Written by Franco Scarpa, Patient Involvement Coordinator of the COST Action and, Psychiatrist and Director of Unità Operativa Complessa of USL 11 in Tuscany.
A key recommendation of our COST Action is the involvement of patients in the activities of the Action. This involvement may come from patients and their relatives individually, or from patient boards, where such boards exist. The aim of Patient Involvement here is to provide users of long term forensic psychiatric care services a platform for input, where they can express their ideas and opinions on our two objectives, 1) reducing the length of treatment for long term forensic psychiatric patients and 2) improving the in-care life experience for long term forensic psychiatric patients, measured through the use of Quality of Life (QoL) indicators. To begin with, we will be collecting written contributions from patients, their families, industry experts, and others with ties to long term forensic psychiatric patients. This will provide foundations for continued patient involvement.
Our prior research shows that the increasing length of treatment time for long term forensic psychiatric patients may be caused by either insufficient beds in facilities with lower levels of care and security, preventing a transfer, or an inability to reduce sufficiently reduce the risk of recidivism. Regardless of the cause, patients are staying longer in long term forensic psychiatric care – we have now seen patients live out their lives within such facilities. And our attention, as forensic psychiatrists, has shifted to include the patient experience: At the least, we need to ensure the basic human rights of long term forensic psychiatric patients’ are maintained inside these facilities. To do this, our forum will consider a broad spectrum of rights, drawing on concepts such as Needs and Quality of Life (QoL).
The usefulness of patient involvement was demonstrated to me, as a forensic psychiatrist, during the time I was employed as the Director of a Forensic Prison Hospital in Italy. Based on this experience, which I will share in the following paragraph, we intend to collect stories of treatment pathways that have achieved a positive outcome – stories of patients that have achieved full recovery, recovering their health as well as their job and former friendships, for example. The positive stories of former long-term forensic psychiatric care patients will be used to facilitate a dialogue about ´best practice´, inspiring professionals in the field and giving hope to current patients.

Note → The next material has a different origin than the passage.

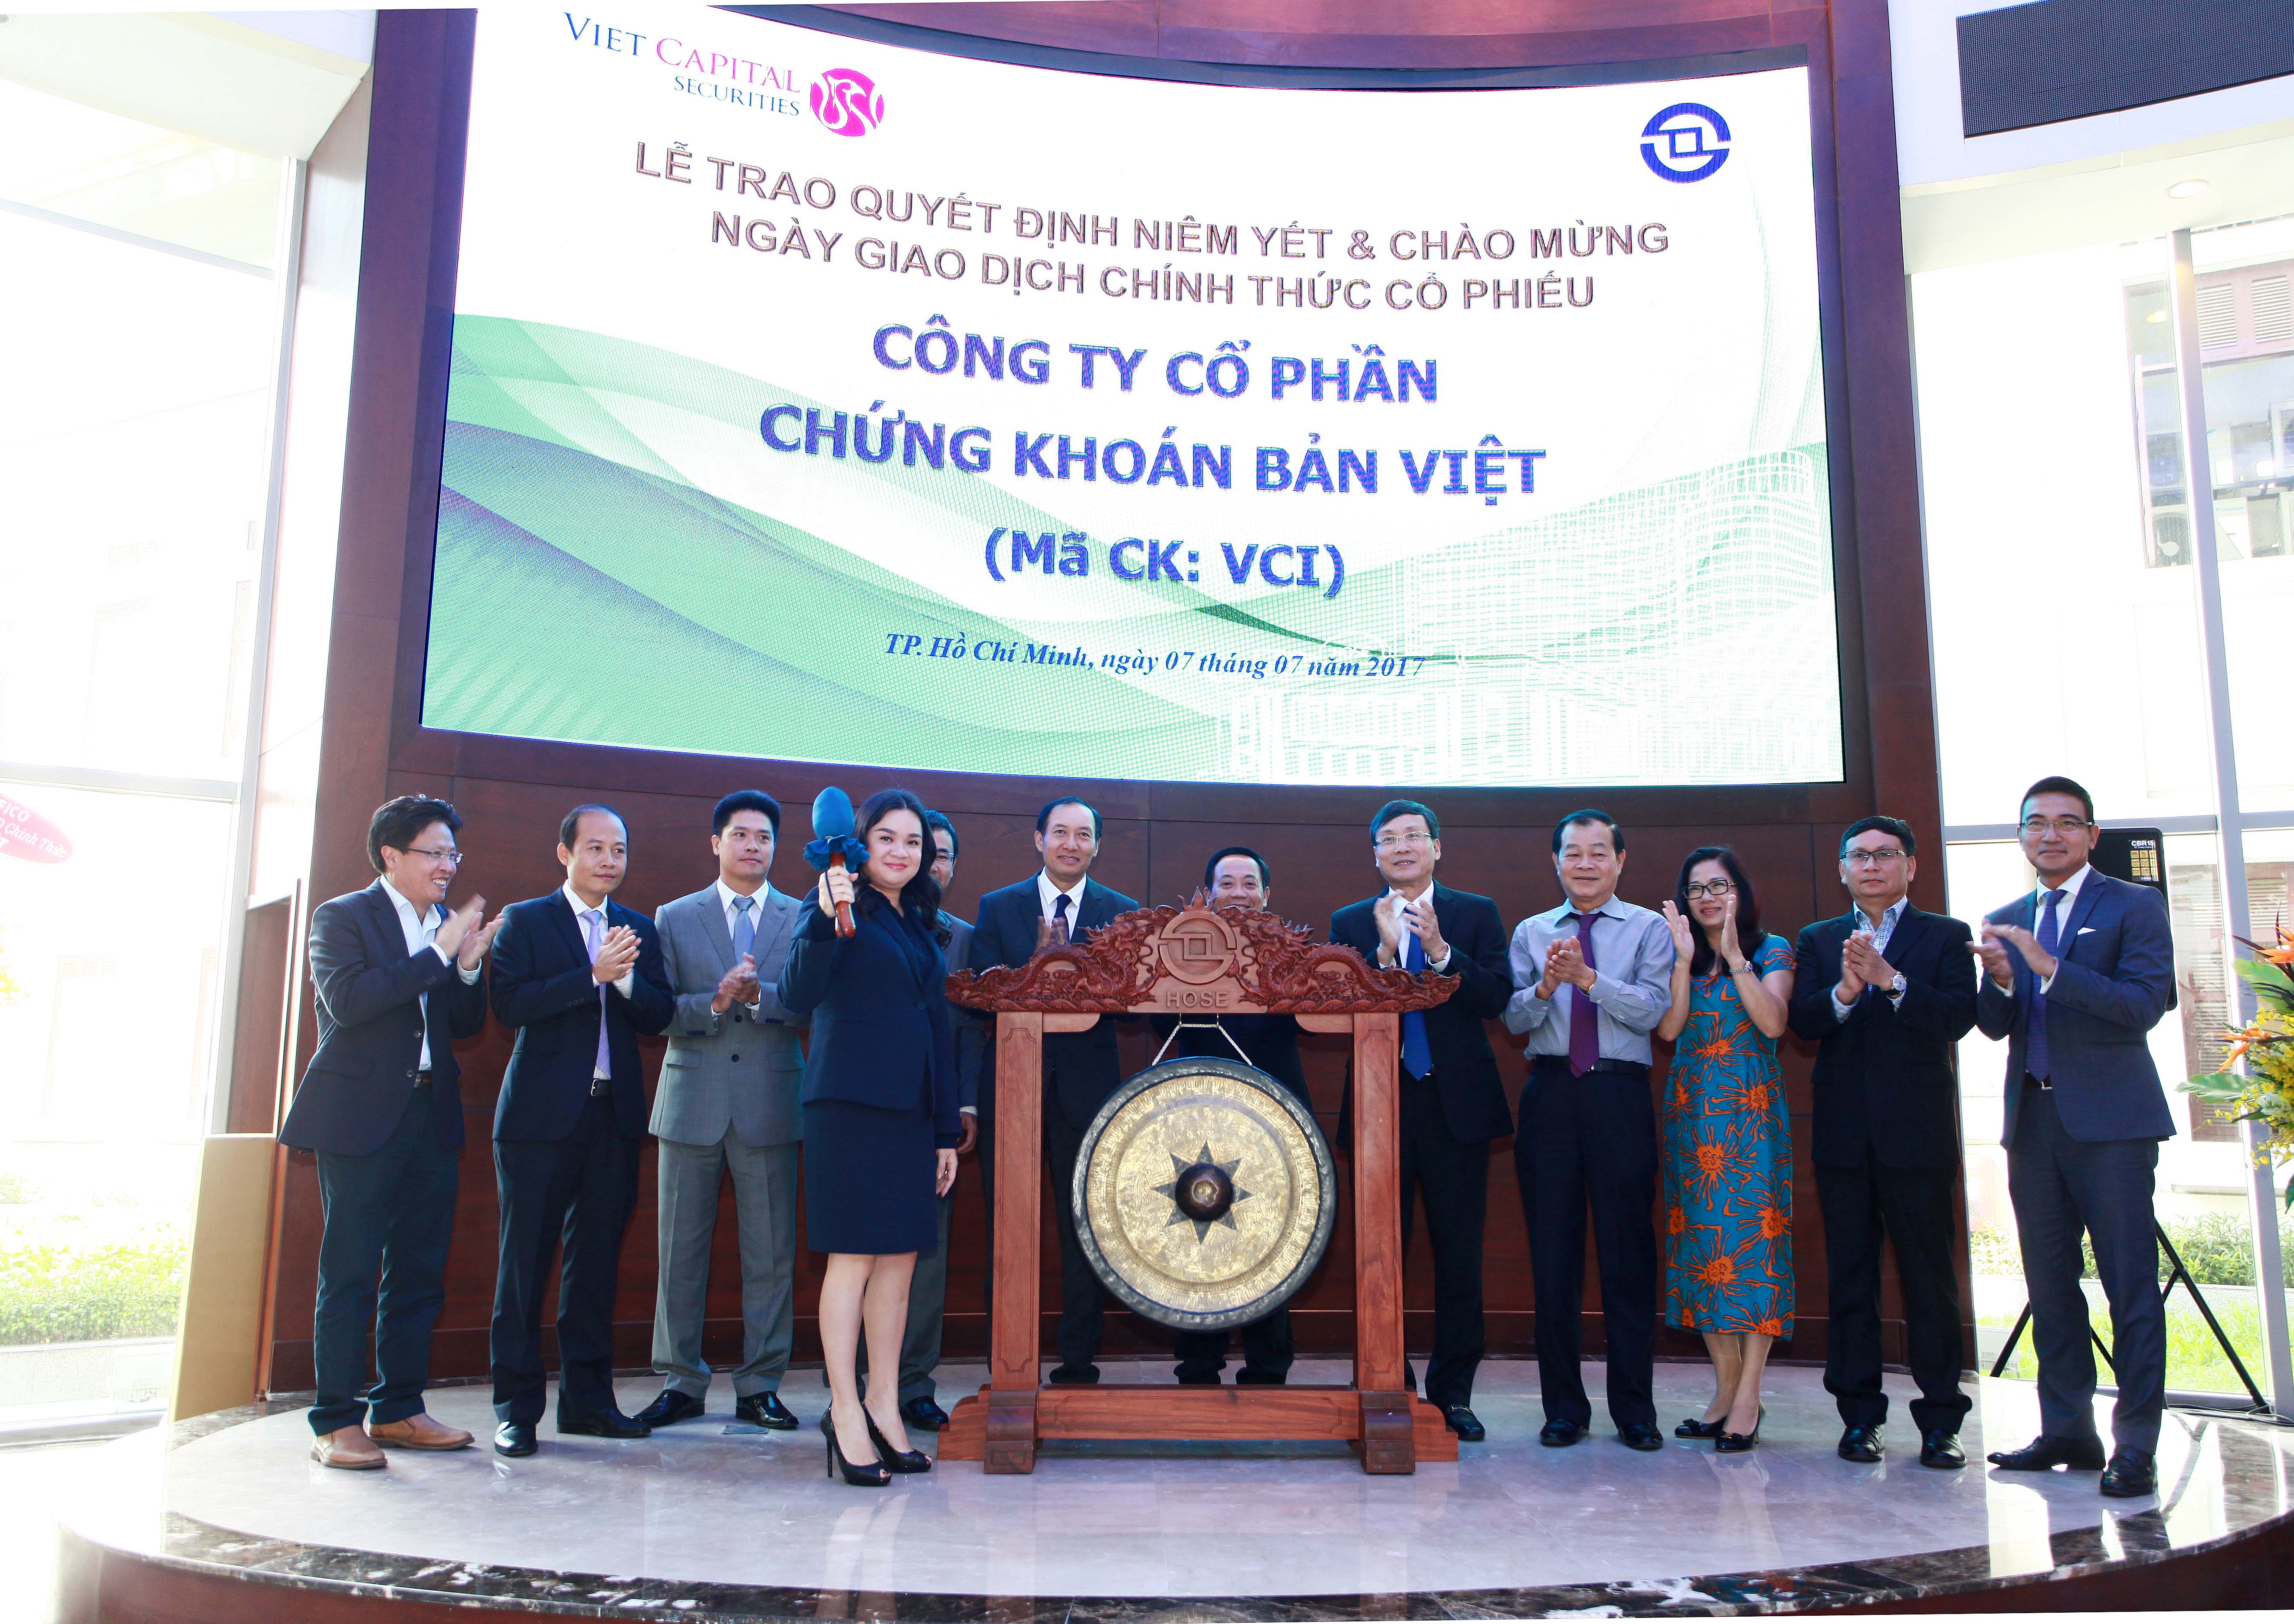 shares of viet capital securities hit the ceiling on first trading day
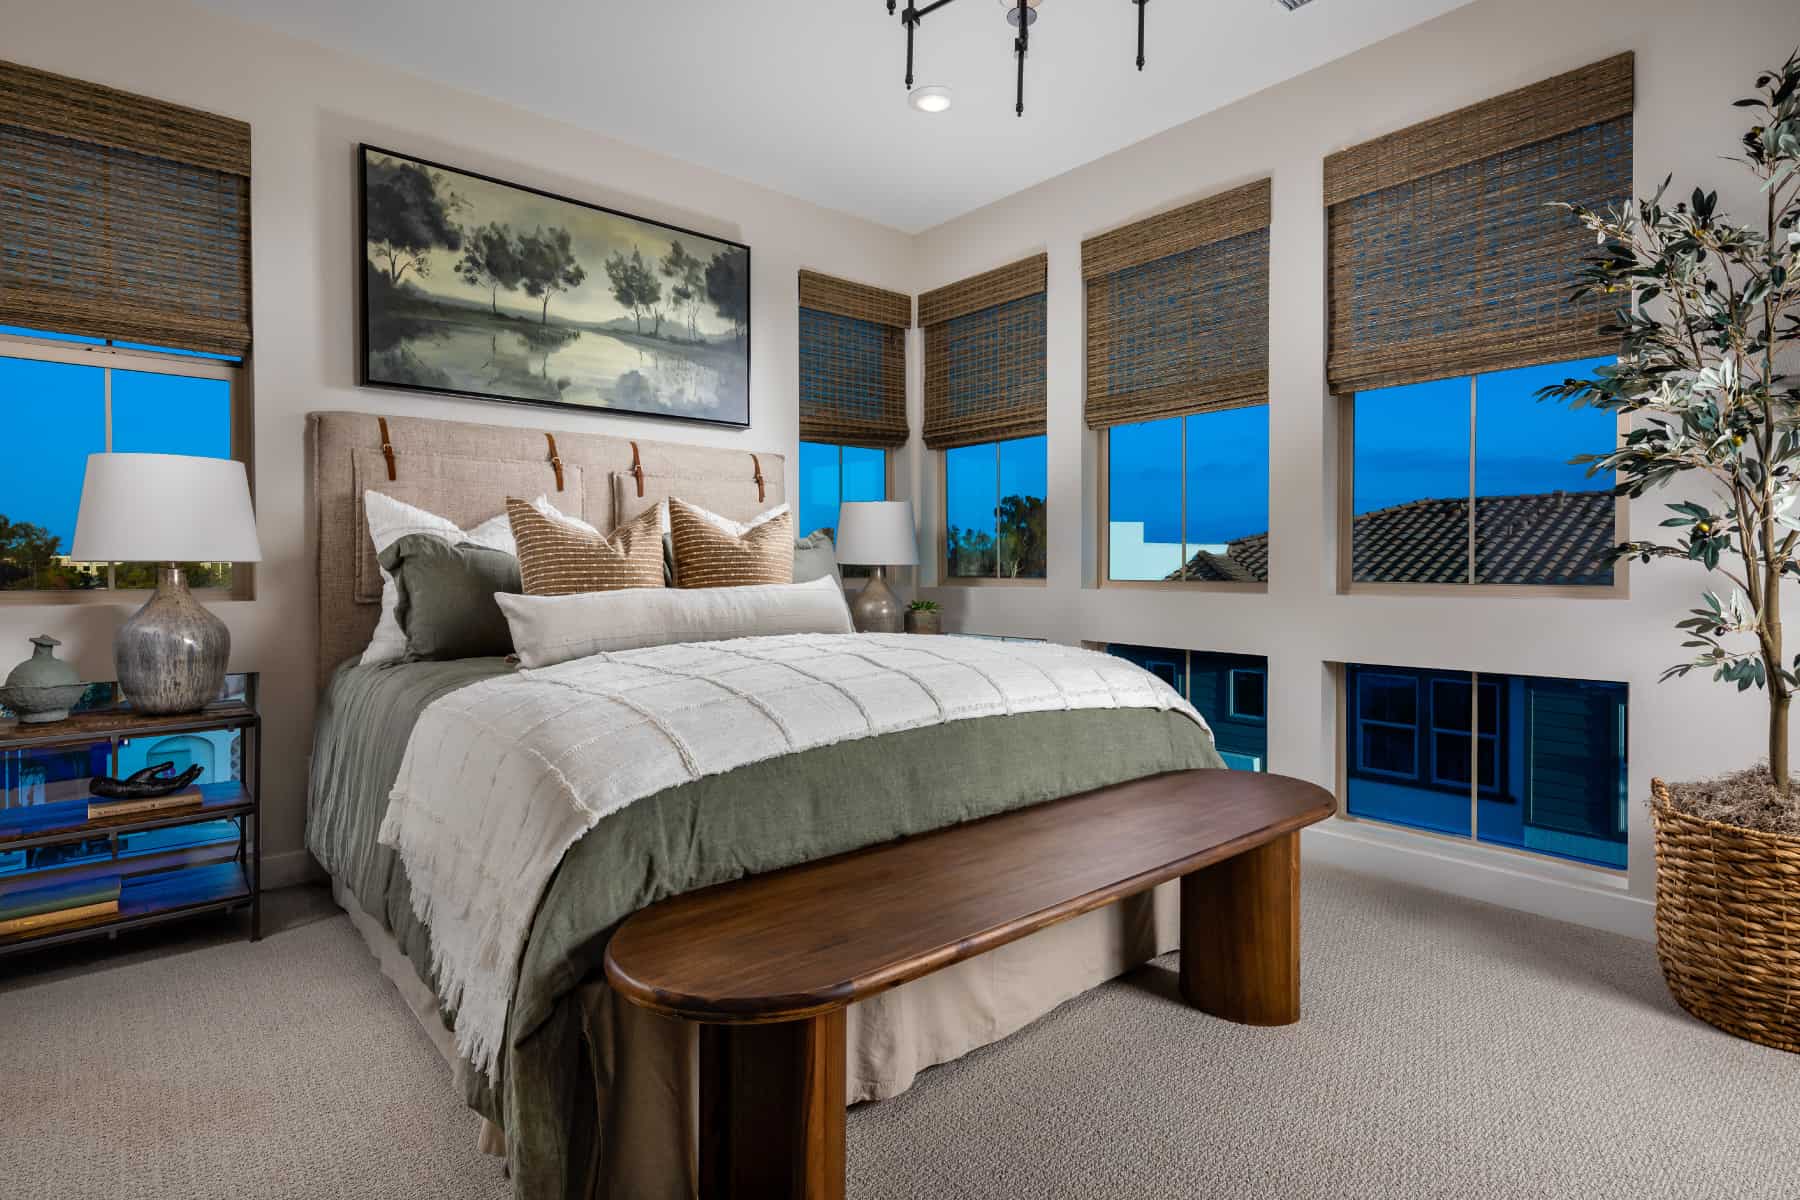 Primary Bedroom at Plan 7 of Belmont by Melia Homes in Cypress, CA

In my career as a forensic psychiatrist, as the Director of a Forensic Prison Hospital in Italy, I met patients of all ages and backgrounds. Many of them were young, which makes it more difficult for the reader to accept the restrictions of institutional treatment and the reduction of perspective of opportunities in their life. I recall many faces of patients who, in my judgment, would have been better off living under the care of family, or in an outpatient environment. Offering former long-term forensic psychiatric care patients the opportunity to share their stories will assist in our understanding of the circumstances patients live in; their perspectives on it, and their ideas about the right live a normal life. To bring my experience to life for the reader, what follows is a transcription of part of an interview with an Italian patient; an interview in which we touched on some aspects of Quality of Life (QoL), as a result of discussing his involvement in decision making within the long term forensic psychiatric care environment in which he lived.
What are your most important needs?
“I never ask for something because I’m afraid they can say no. The relationship with the staff is very important because I can ask them for advices about everything. I can confide in them.”
How are you involved in the decision making about the planning of your care and treatment?
“I don’t remember. They don’t ask me about that. They told me I am dismissed from the hospital and then I’ll go to a new facility. It’s more beautiful when I decide and together with the others. That we both decide.”
This patient’s responses (above) demonstrate the value of patient involvement in the dialogue.
We call for written contributions from former long-term forensic psychiatric care patients, their family members, friends, and others with ties to patient treatment, especially personal stories, which will help us influence policy development for better patient outcomes. We also call upon long term forensic psychiatric care experts, regardless of their affiliation with the Action, to contribute written accounts of their experiences and share their opinions regarding patients’ participation in their treatment plan.
The final goal of the Action, which we aim to achieve by 2017, is the foundation of institutional boards, comprised of patients and/or their relatives, with an ongoing influence on continuous improvement of the treatment and the quality of life of long term forensic care patients and long term forensic care facilities. An excellent outcome of patient involvement would be a “Manifesto”, or similar – a text that details the needs of patients, and their relatives. Such a text could be provided to represent patient interests in the development of European guidelines that govern standards of treatment and facilities in long term psychiatric care.